Ciò è dimostrato dall’approccio di Scarabelli (scienziato a tutto campo,
contemporaneamente geologo, archeologo, antropologo, naturalista…) allo studio del
luogo.
Interessanti tre sue deduzioni, riguardanti aspetti diversi:
- Geologia: “Su questi [depositi alluvionali argillosi] poi specialmente nella Piazza di Genova e nei
campi della Fratona e del Monticino, si notano alla superficie piccoli cumuli lenticolari di ferro
idrato pisolitico, indizio di antiche paludi fiancheggianti il corso del fiume.”
- Archeologia: “In quanto alle brecce quaternarie alla sinistra del fiume, non è soltanto loro
caratteristica il contenere pietre scheggiate; se ne trovano pure nelle alluvioni sovrapposte a
quelle brecce , non mancando in esse neanche i grossi nuclei e blocchi di quarzite, atti a provare
la fabbricazione in luogo delle pietre in discorso.”
- Antropologia: [L’ubicazione del sito dimostra] “come l’uomo di quei tempi soggiornasse da
noi o si aggirasse di preferenza nelle vicinanze del fiume: forse non tanto per procacciarsi
dell’acqua, quanto per darvi la caccia ai molti animali che vi dovevano concorrere per
abbeverarsi.”
La ricca collezione di Scarabelli è stata revisionata da Proli nel 1995. Egli, dopo aver diviso i
reperti litici in fluitati e non fluitati ed averli analizzati, afferma che “le due componenti hanno
la stessa facies, che è quella delle industrie a tecnica levallois con sporadici bifacciali,
omogeneamente diffusa nell’area padana nella fase finale del Paleolitico inferiore.”
Un esempio delle industrie litiche che si possono osservare
nelle aree in oggetto e presso il Museo Scarabelli di Imola.

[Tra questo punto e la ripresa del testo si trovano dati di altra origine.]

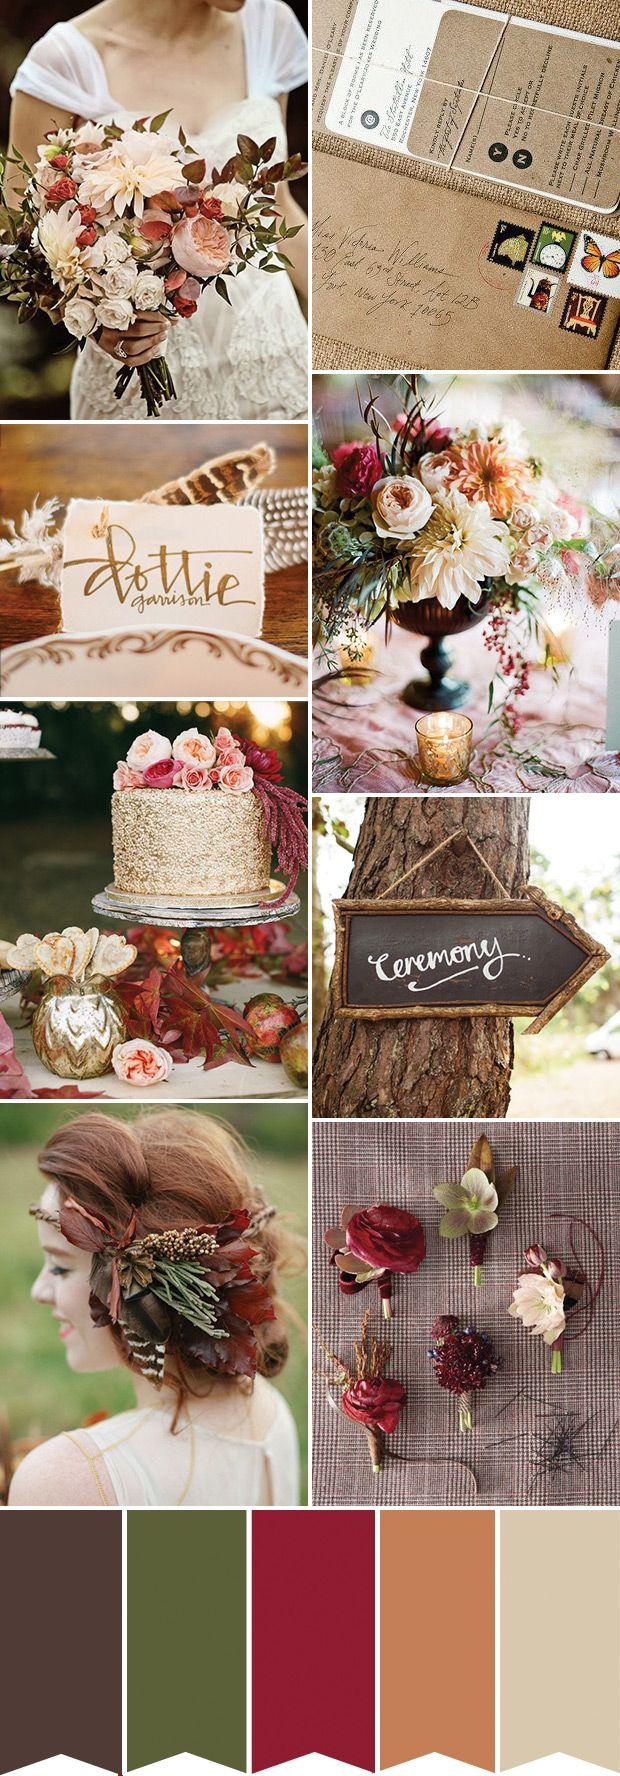 زفاف - Rustic Chic - Autumn Wedding Inspiration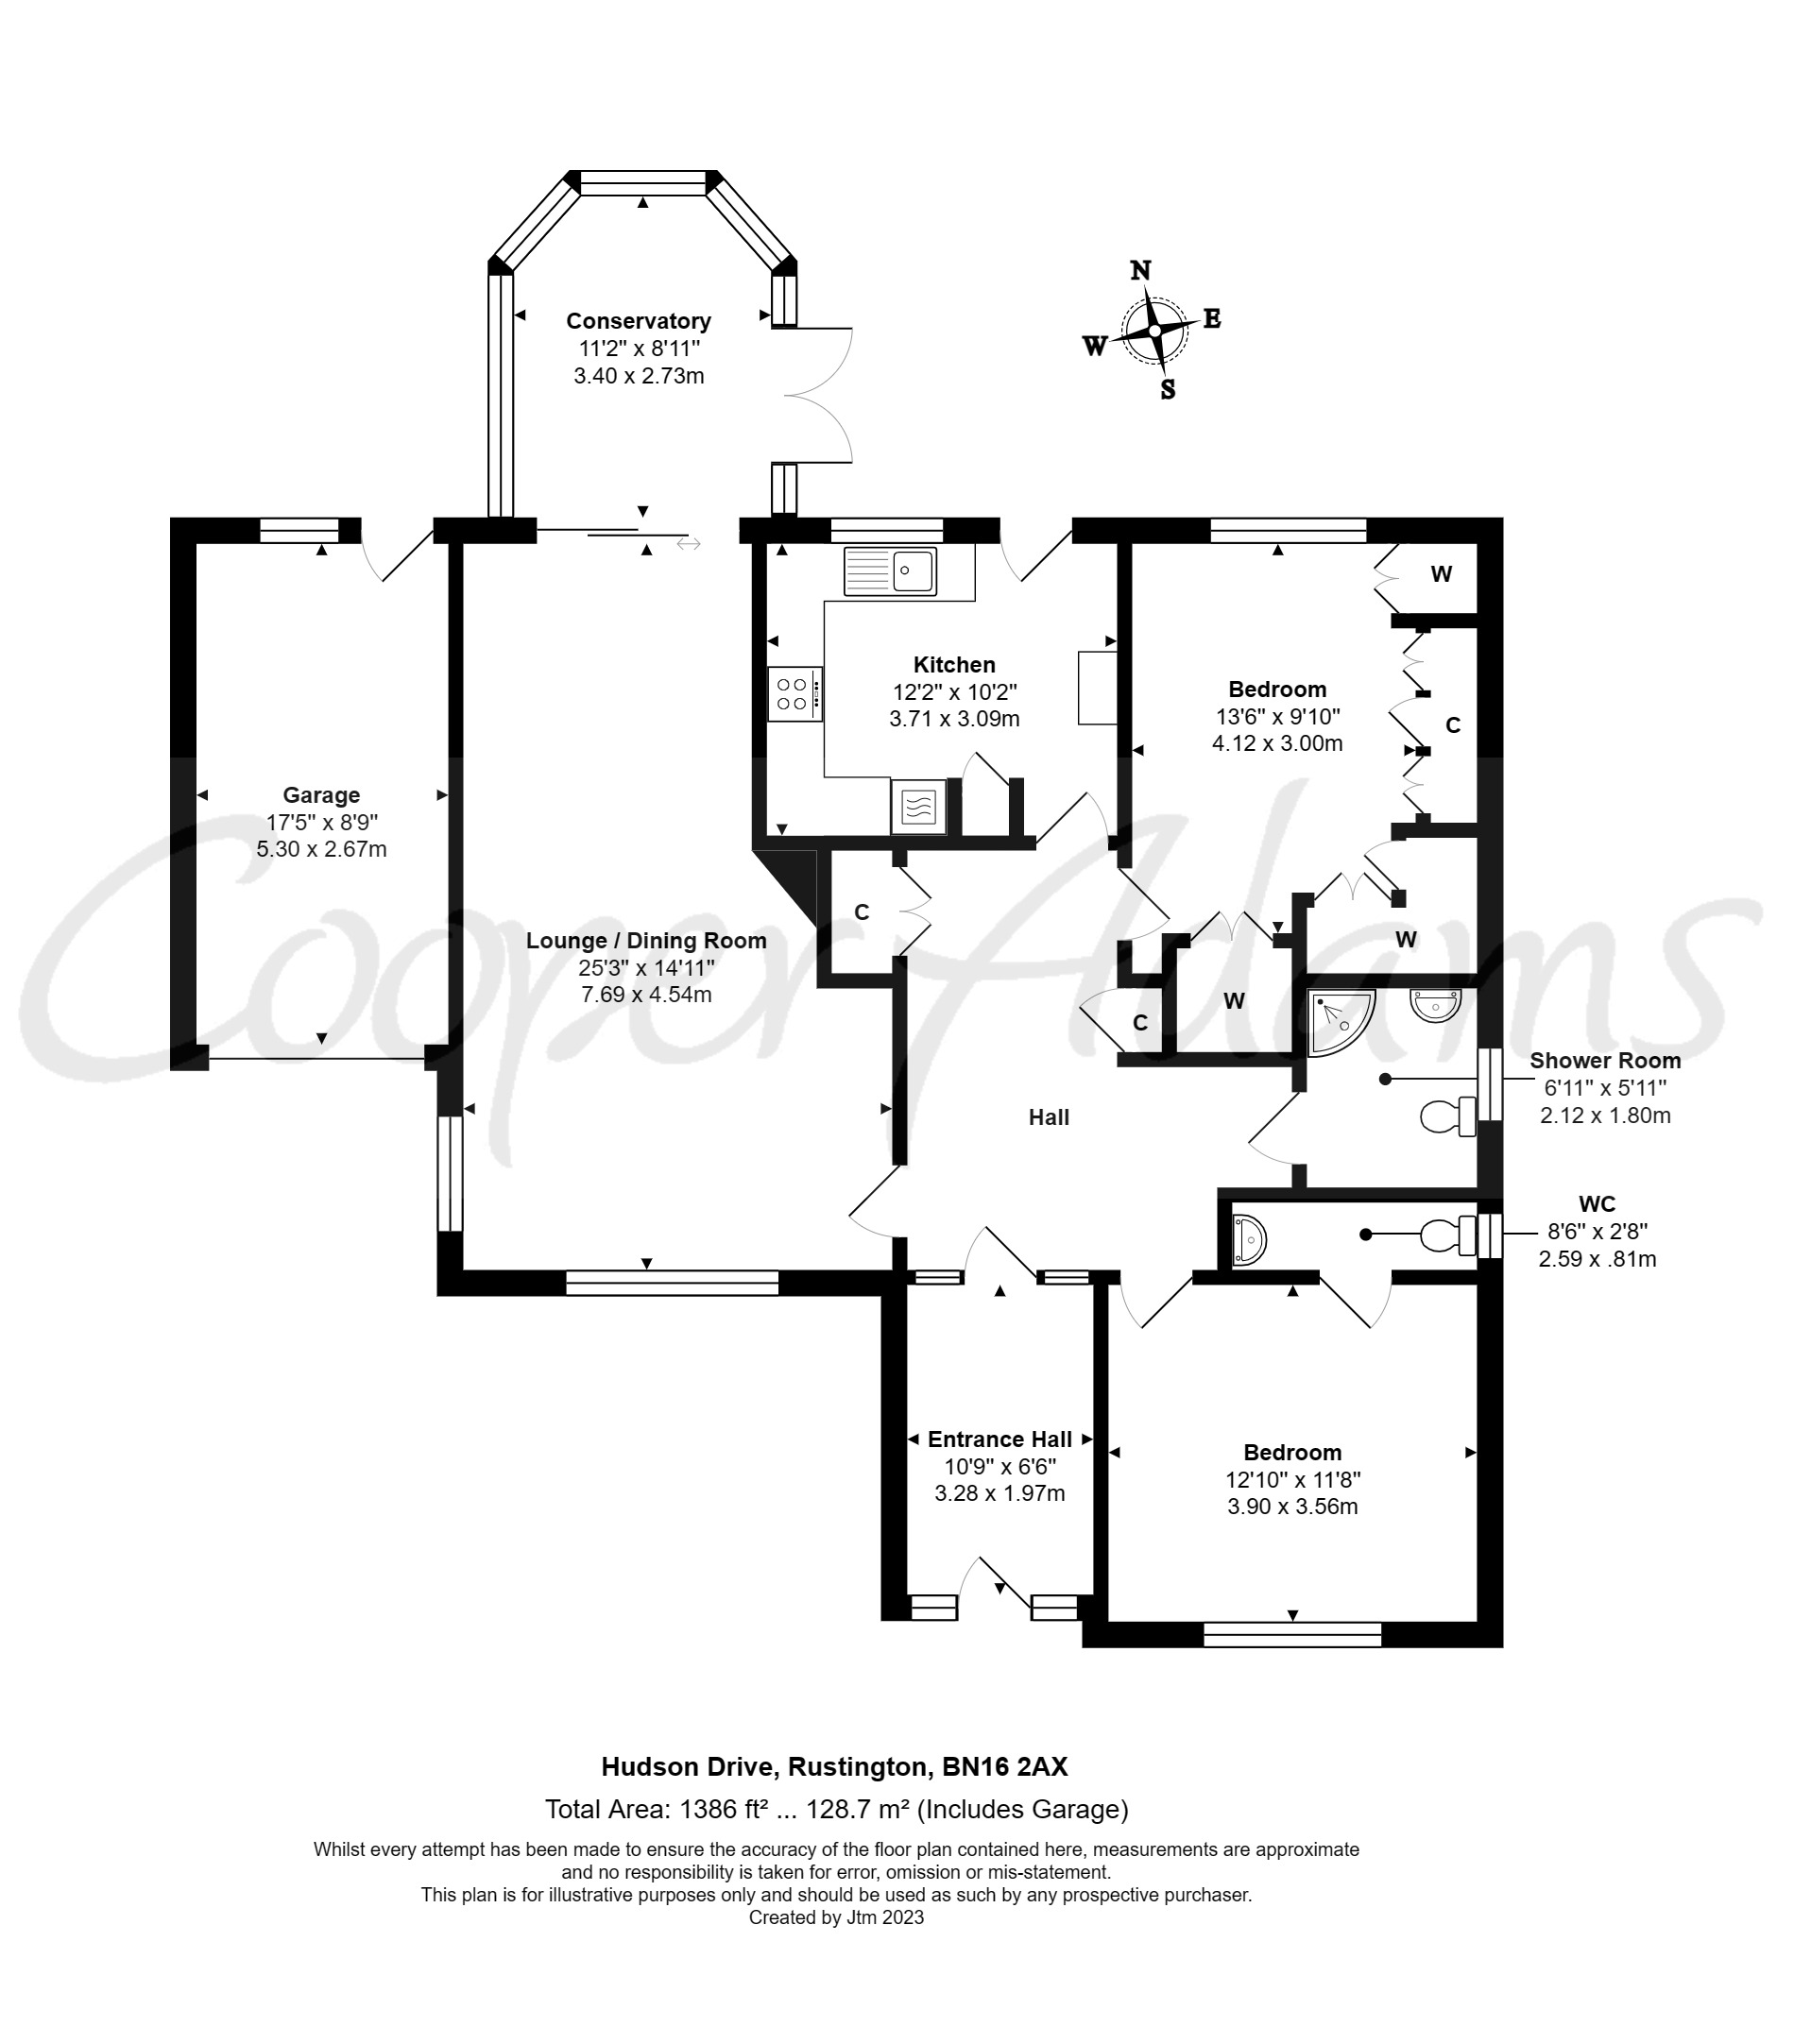 2 bed bungalow for sale in Hudson Drive, Rustington - Property floorplan

Bibliografia: - Mariani S. (2003) - Un itinerario geologico nella Valle del Santerno (Romagna) sulle tracce di
Scarabelli. In: S. Piacente e G. Poli (a cura di), La Memoria della Terra, la Terra della
Memoria. Modena.
- Pacciarelli M. (1996) (a cura di) - La collezione Scarabelli. 2. Preistoria. Casalecchio di Reno
(Bo).
- Proli F. (1995) - I reperti del paleolitico inferiore nella collezione Scarabelli del museo di
Imola. In: M. Pacciarelli (a cura di), La collezione Scarabelli. 2. Preistoria, Casalecchio di
Reno (Bo).
- Scarabelli G. (1890) - Sulle pietre lavorate a grandi schegge del Quaternario presso Imola.
Boll. Paletnol. It., 16.
- Vai G.B. (1995) - L’opera e le pubblicazioni geologiche di Scarabelli. In: M. Pacciarelli e G.B.
Vai (a cura di), La collezione Scarabelli. 1. Geologia, Casalecchio di Reno (Bo).